The internet provides billions of image-text pairs: photos with captions, products with descriptions, social media posts with images. This naturally occurring multimodal data enables self-supervised learning at unprecedented scale.
CLIP was trained on 400 million image-text pairs; ALIGN on 1.8 billion. This scale, combined with contrastive learning between modalities, produces representations with remarkable zero-shot capabilities—matching or exceeding supervised models on many benchmarks without seeing a single labeled example.

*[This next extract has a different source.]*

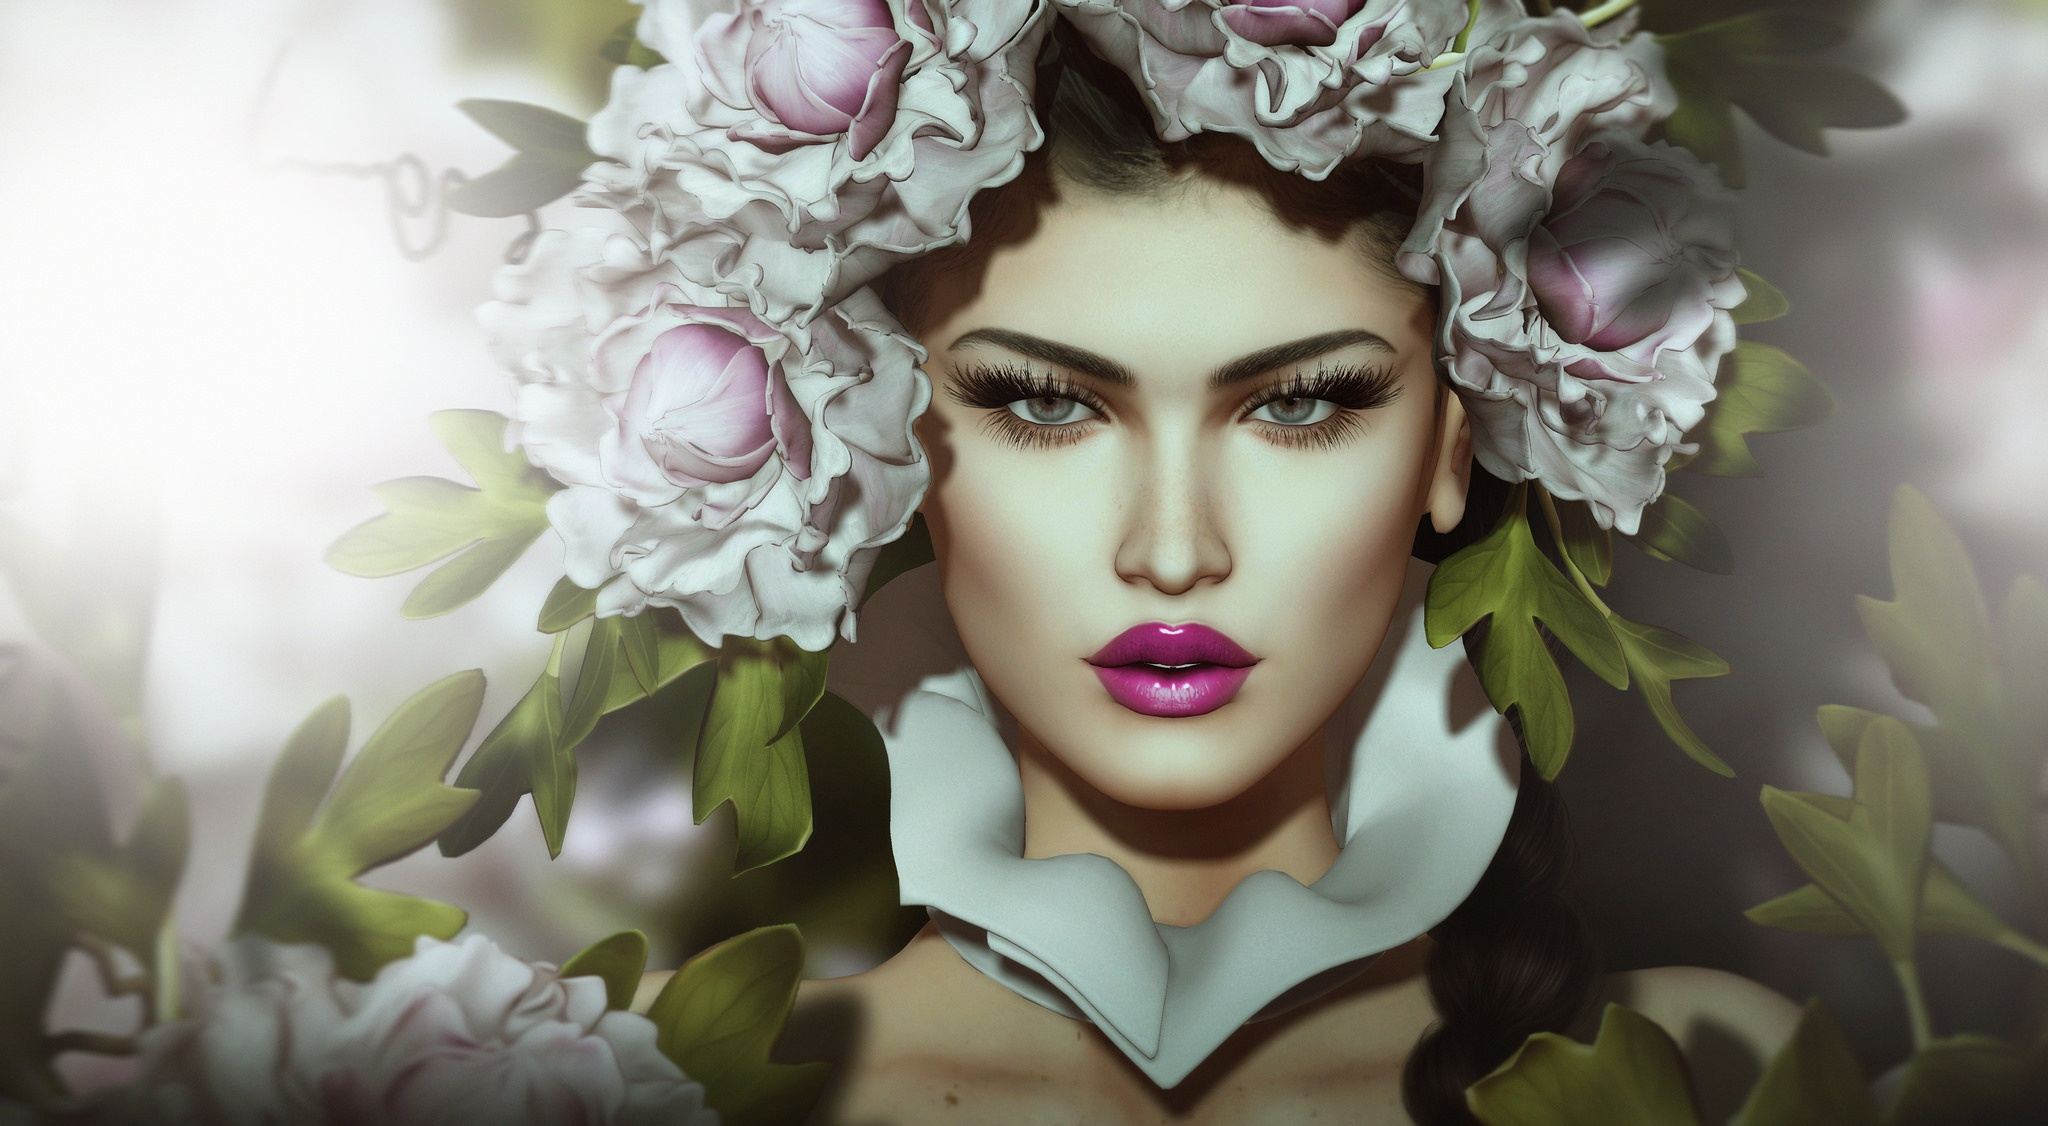 Лицо девушки из цветов фото
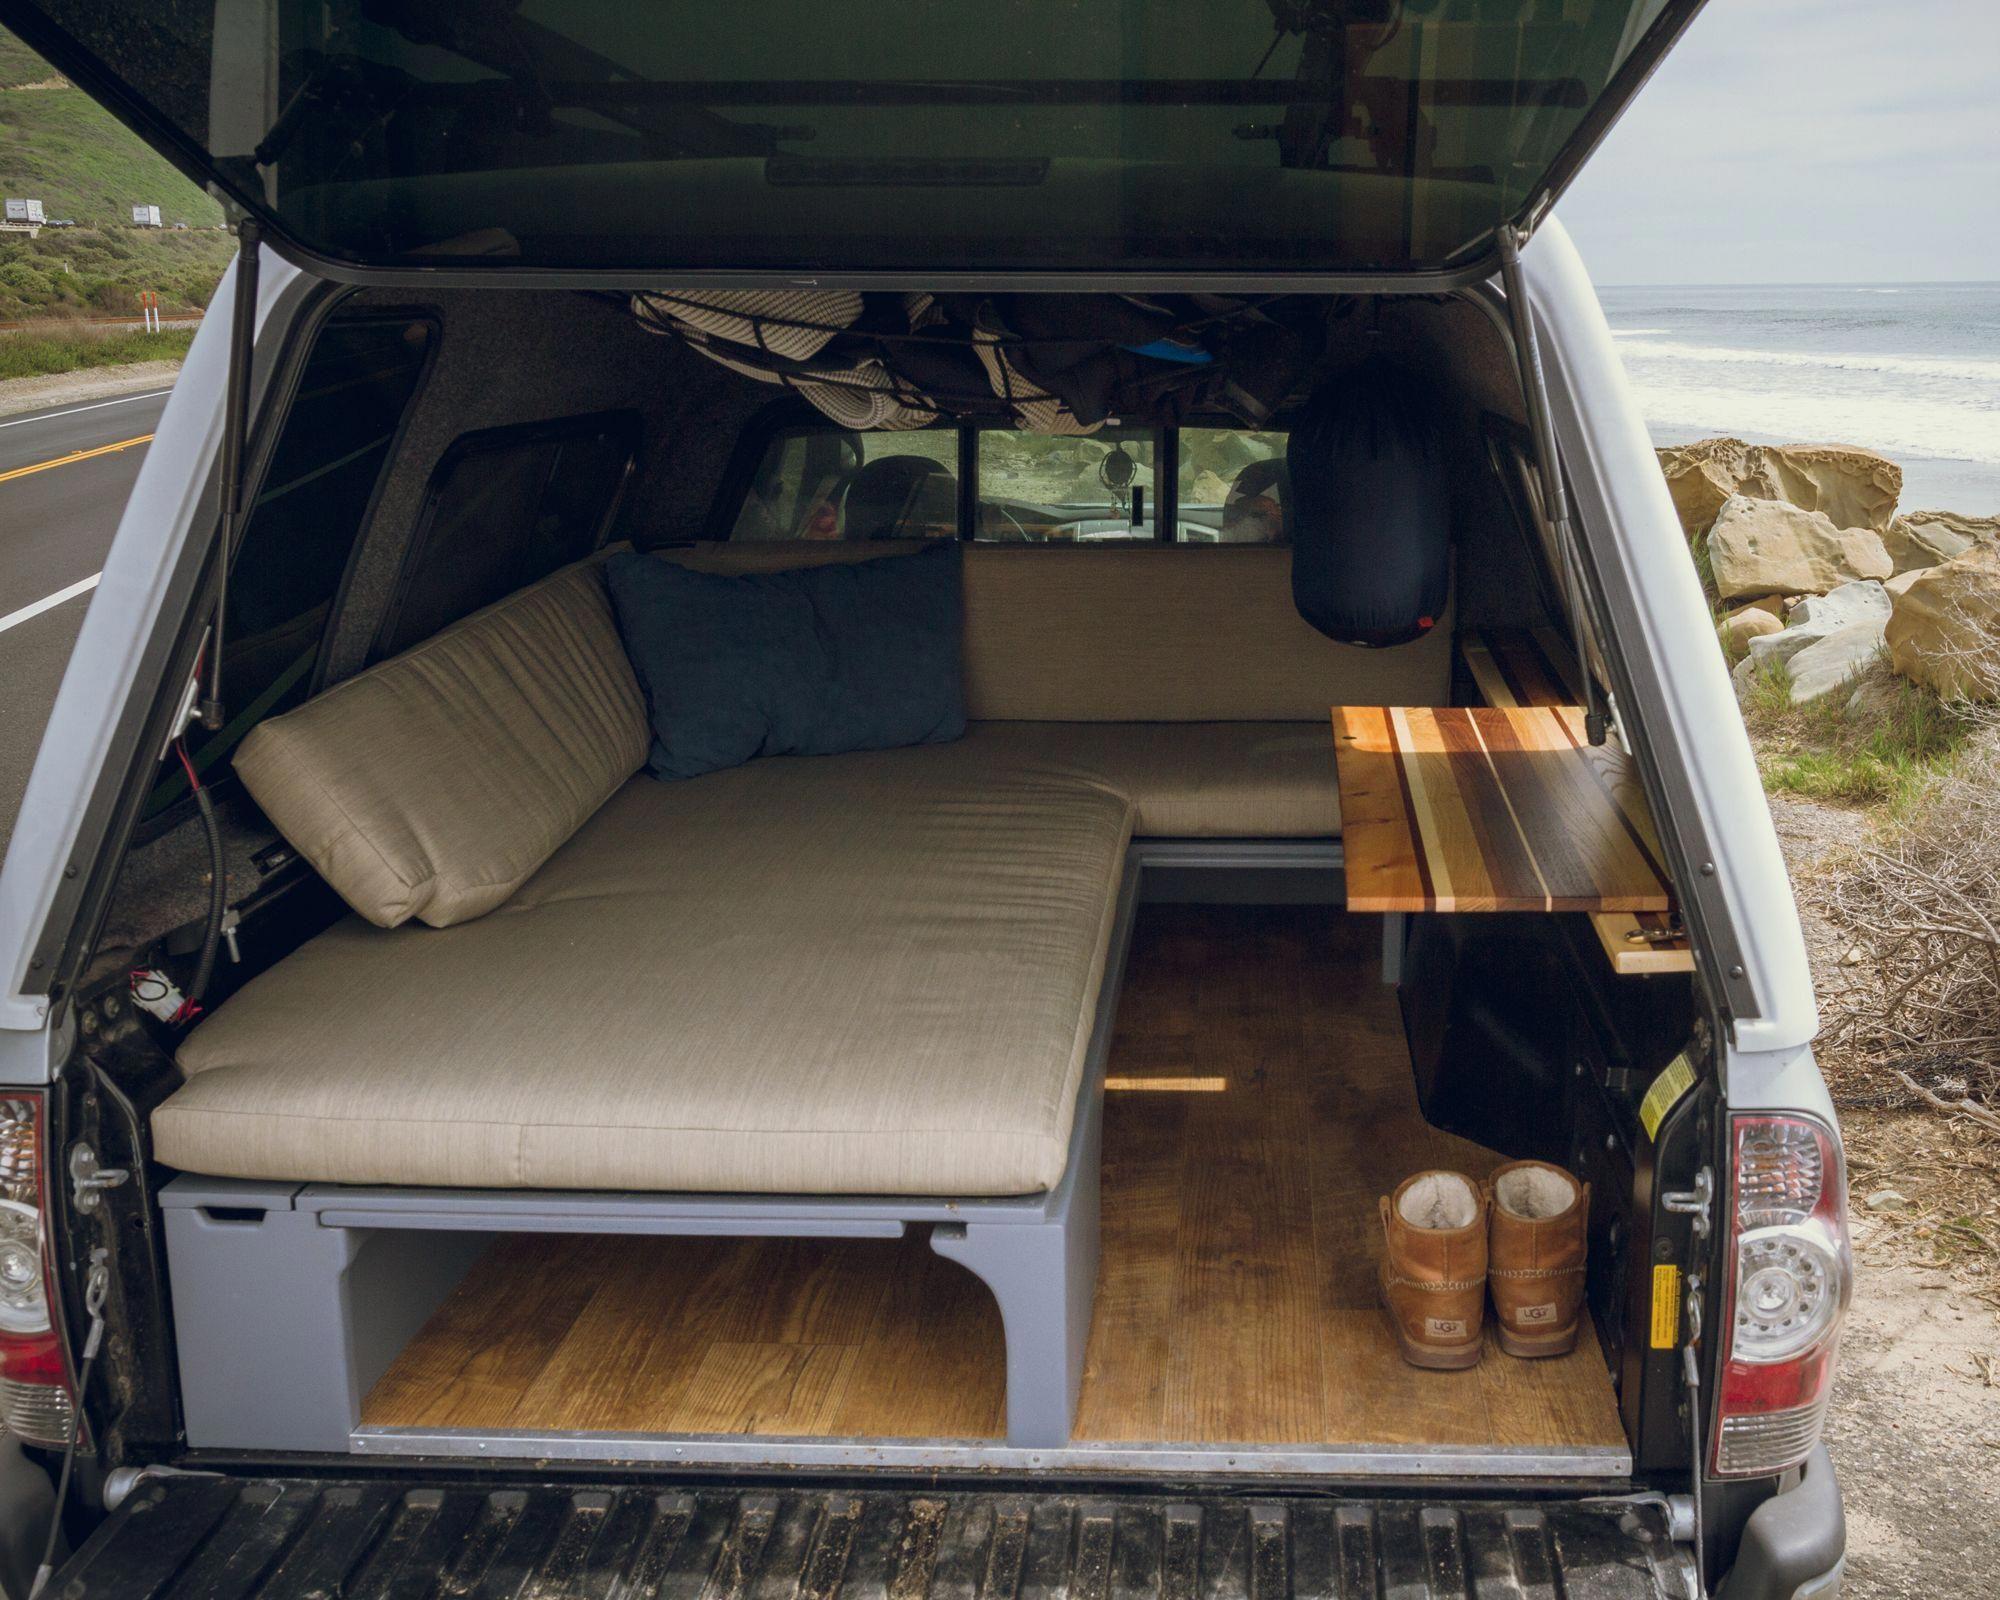 camper setup Truck bed camper, Truck bed camping

CLIP (Contrastive Language-Image Pre-training) by Radford et al. (2021) from OpenAI learns to align images and text in a shared embedding space through contrastive learning.
Image Encoder: ResNet or Vision Transformer
Text Encoder: Transformer
Training: For a batch of N image-text pairs, maximize similarity of correct pairs while minimizing similarity of incorrect pairs.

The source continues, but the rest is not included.